Oh, and also note that incrementing `idx` at the beginning of the loop is fundamental.

• @fentoyal why do you need queue size >= 300? isn't checking if queue size == 300 enough to start removing in the hit function?

• @IWantToPass
Of source it is. But as the saying goes:
"A good programmer is someone who always looks both ways before crossing a one-way street."
I have two conventions of handling the code like this, based on the purpose of the code.

1. If my purpose is to develop some real world product and I'm debugging my code, I will want my code to crash as soon as possible if anything abnormal occurs.
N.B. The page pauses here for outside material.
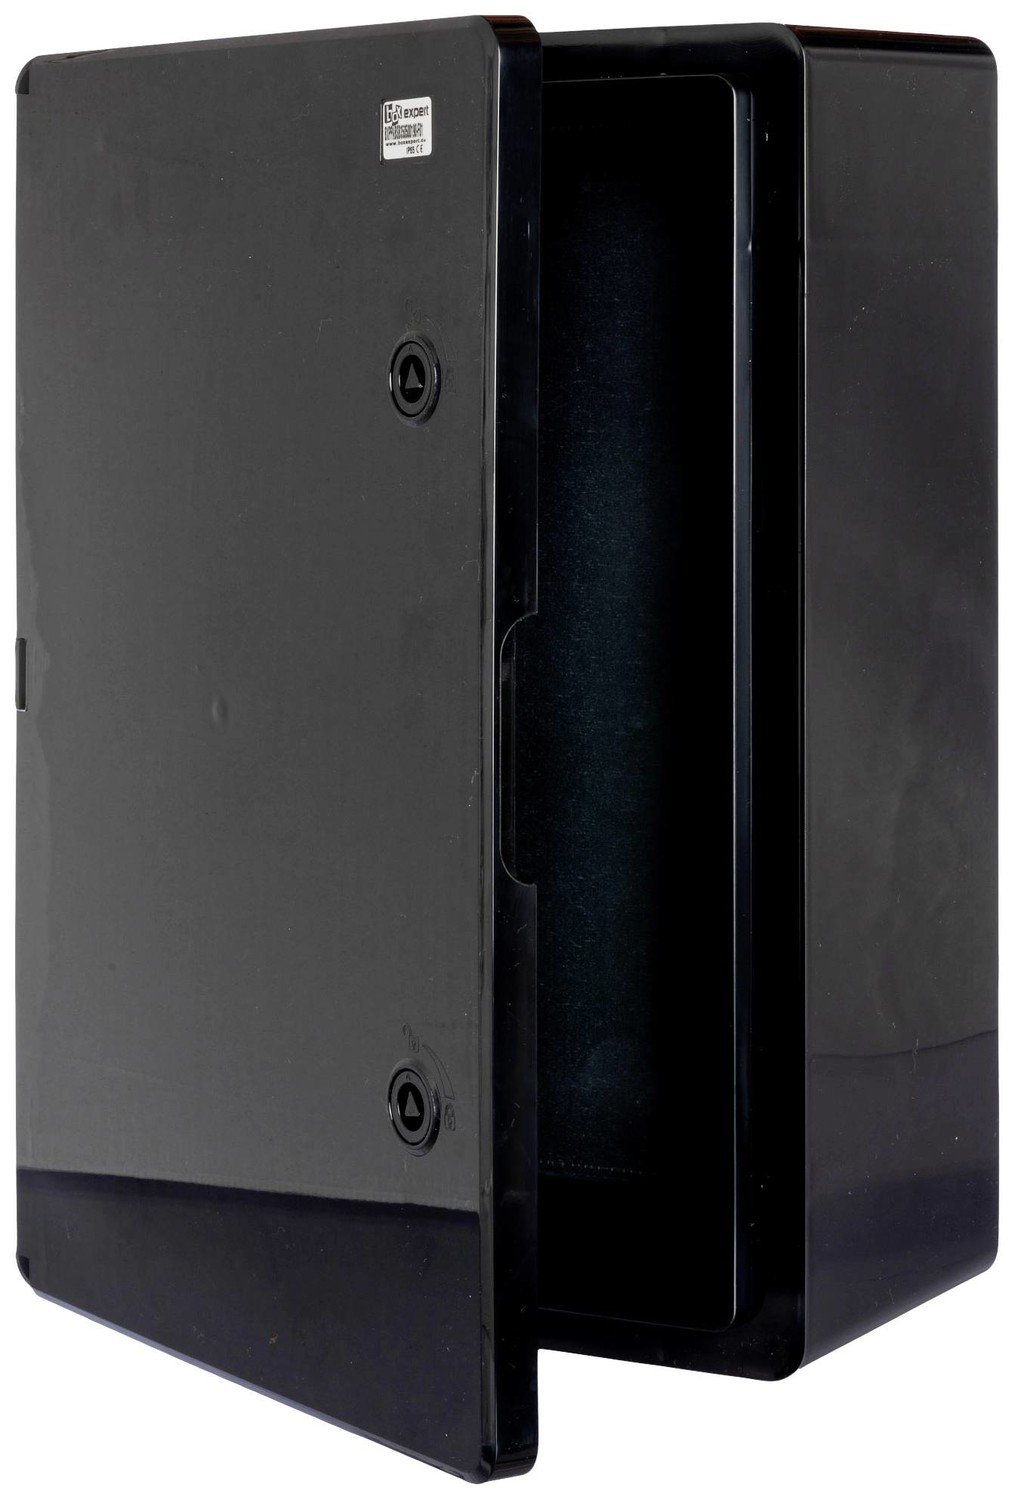 Boxexpert BXPPABSB350500190-F01 instalační rozvodnice 190 x 350 x 500 plast ABS černá 1 ks

Then i will use "==".
2. If I just want to write a piece of code that can pass all tests case especially in front of an interviewer, I will want my code NOT to crash and pass all test cases even some tiny bug does exist, then I will choose ">=".

You can never guarantee the assumption you hold when you are coding (or you will be always bug-free), choosing ">=" or "==" here is a philosophy of how soon you want your code crash if your assumption fails.
In other words, do you want to die immediately when a car is going wrong way, so you know a car didn't obey the rule. or, do you want to behave like you never saw that car and just walk across the street like nothing wrong happened.

• @fentoyal Sounds similar to when I'm too lazy to think whether I'll need an `int[1001]` array or only need`int[1000]` and instead just use `int[1010]` :-)

Thanks for the clarification about the added code, I'll go remove my obsolete comment...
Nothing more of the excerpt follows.